The University of Alabama at Birmingham College of Arts and Sciences has announced Lisa Tamiris Becker as the new director for the Abroms-Engel Institute for the Visual Arts. She will begin work at UAB on Sept. 1.
Becker previously directed the art museums at the University of New Mexico and the University of Colorado, Boulder. In her roles as director, she oversaw numerous exhibitions and a permanent collection of more than 30,000 works of photography, painting, sculpture, printmaking, ceramics and African art. At both universities, Becker increased annual programming and exhibition support, expanded the collections of both museums, and enhanced the arts on campus and in the communities. She has also led recent major acquisitions of both historic and contemporary art, including works of African art and Mata Ortíz pottery, as well as works by noted artists such as Katharina Fritsch, Tina Barney, Joel-Peter Witkin, Richard Serra, Kiki Smith and Walt Kuhn, among others. She has experience in branding, communications and member relations, as well as in facilities development and management.
“I am delighted and honored to join UAB as the founding director of the Abroms-Engel Institute for the Visual Arts,” Becker said. “I look forward to engaging the UAB campus and the broader Birmingham and Alabama community with dynamic exhibitions and programs of regional, national and international relevance that position UAB and Birmingham as a nexus of global dialogue through the visual arts.”
Becker earned her Bachelor of Arts degree magna cum laude from the University of Pennsylvania in mathematics and art history. She completed her Master of Fine Arts degree in studio art and art theory from the University of Texas at Austin in 1995, with a focus on experimental sculpture, new media and installation.
After completing her degrees, Becker began her career as a curator and director with positions at Women and Their Work in Austin, Texas; The John Michael Kohler Arts Center in Sheboygan, Wisconsin; and the Richard L. Nelson Gallery and The Fine Arts Collection at the University of California, Davis.
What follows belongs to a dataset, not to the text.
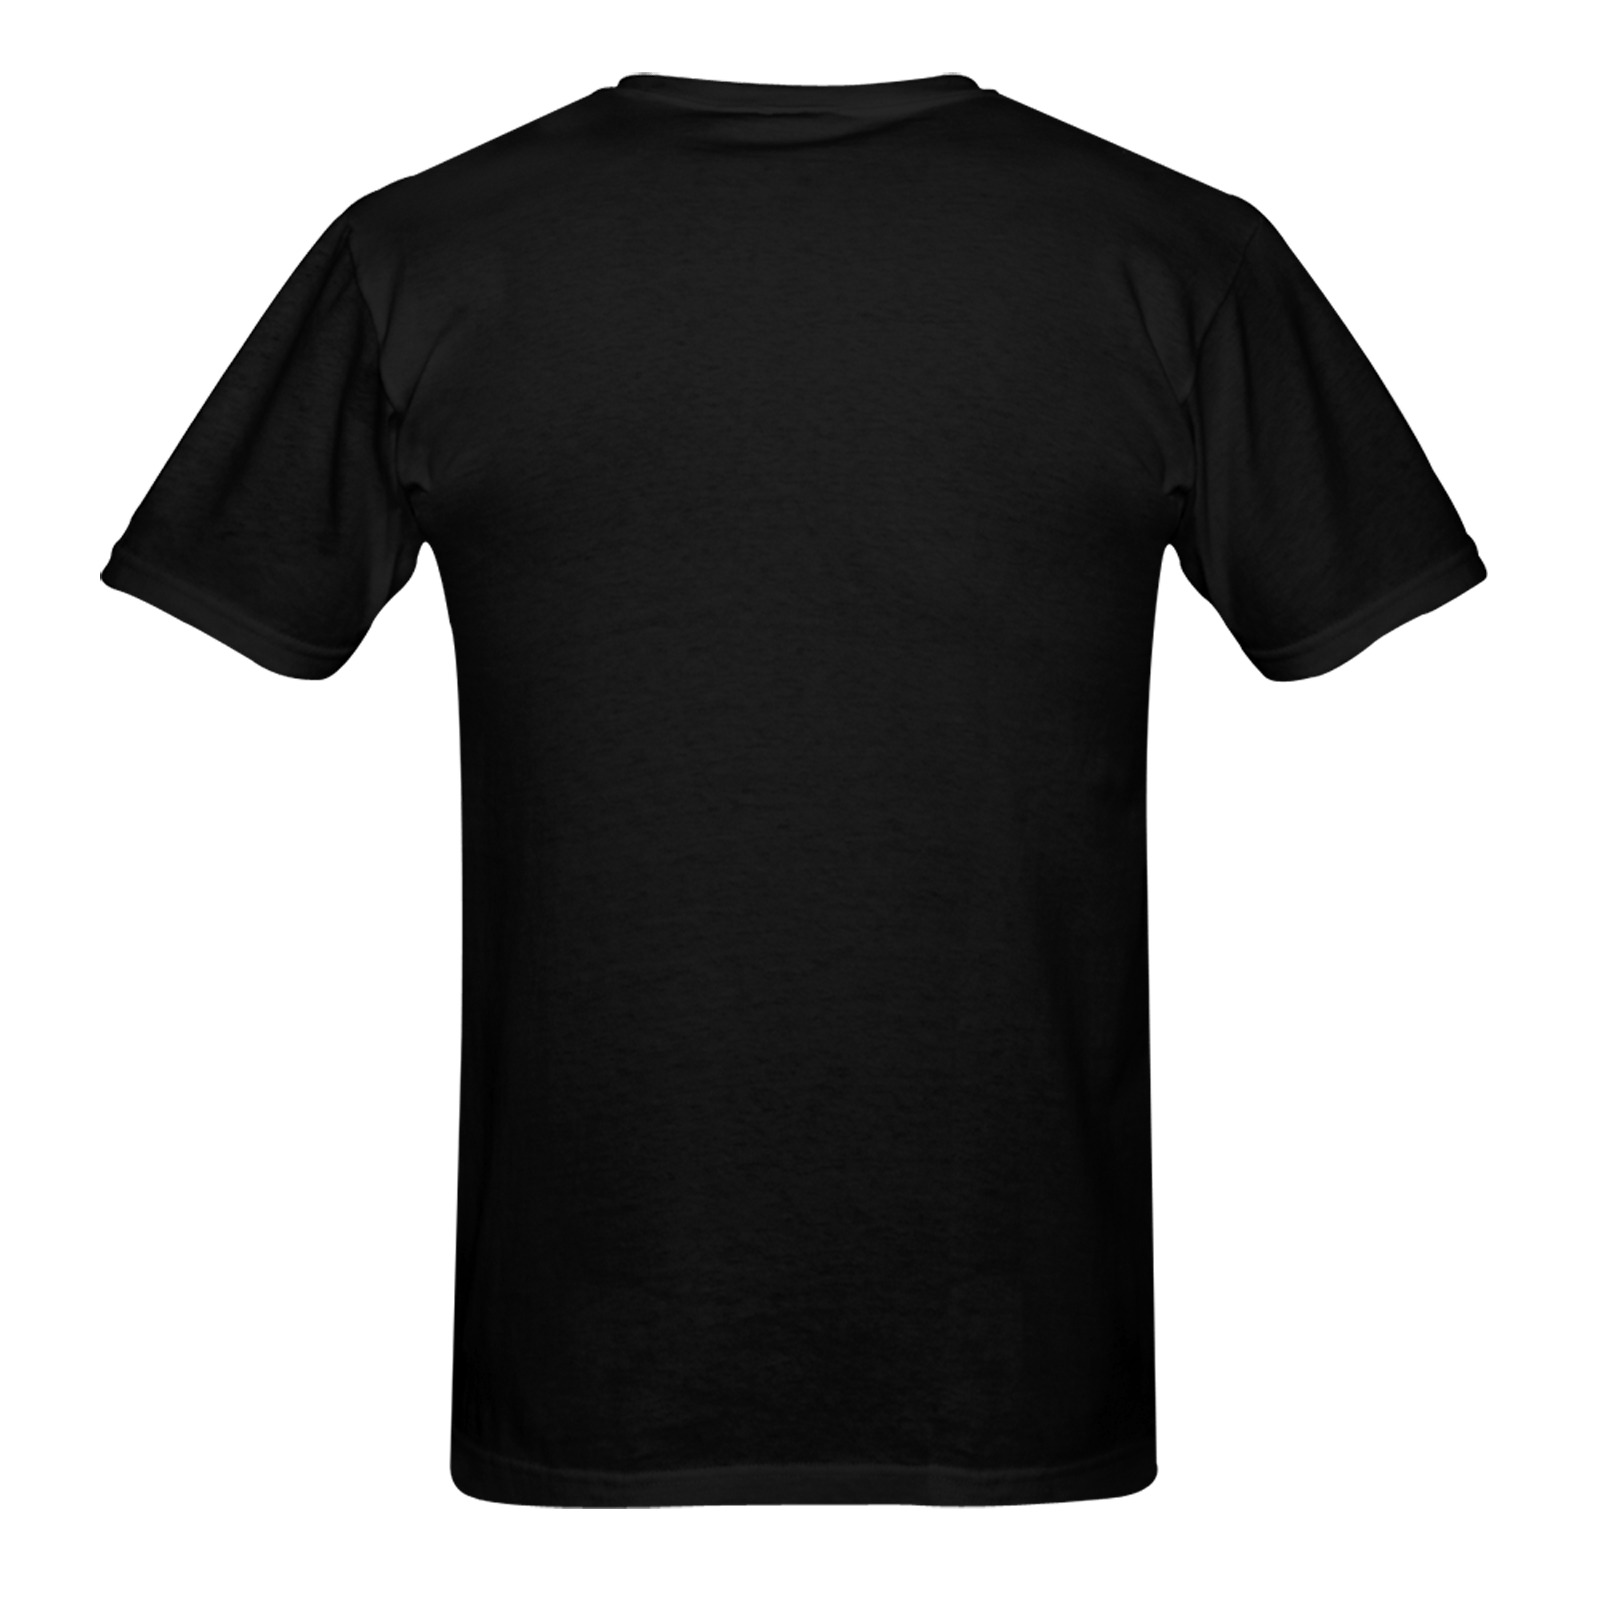 Busy Camping! Men's Heavy Cotton T-Shirt (One Side Printing)

Over the course of her career, she has presented at numerous lectures, symposia and conferences — both in the United States and abroad — on topics focusing on the intersection of contemporary art, multimedia and politics in many different cultures, including Korean, Latin American, Scandinavian, Arab, Greek, Jewish, Tibetan and more. She has published essays in numerous catalogues and edited volumes regularly since 1998. Her exhibitions have been reviewed in Art in America, ARTnews, Time Magazine, BBC America, and The Wall Street Journal, among other publications. She currently has two exhibitions on national tour, including “Through Soviet Jewish Eyes: Photography, War, and the Holocaust” and “David Maisel/Black Maps: American Landscape and the Apocalyptic Sublime.”
“Lisa’s experience as an administrator, curator, instructor and cultural liaison will accelerate the development of AEIVA programs and extend AEIVA’s influence regionally, nationally and internationally,” said College of Arts and Sciences Dean Robert Palazzo, Ph.D. “Under her guidance, AEIVA will become a place at which people of all ages can experience the visual arts.”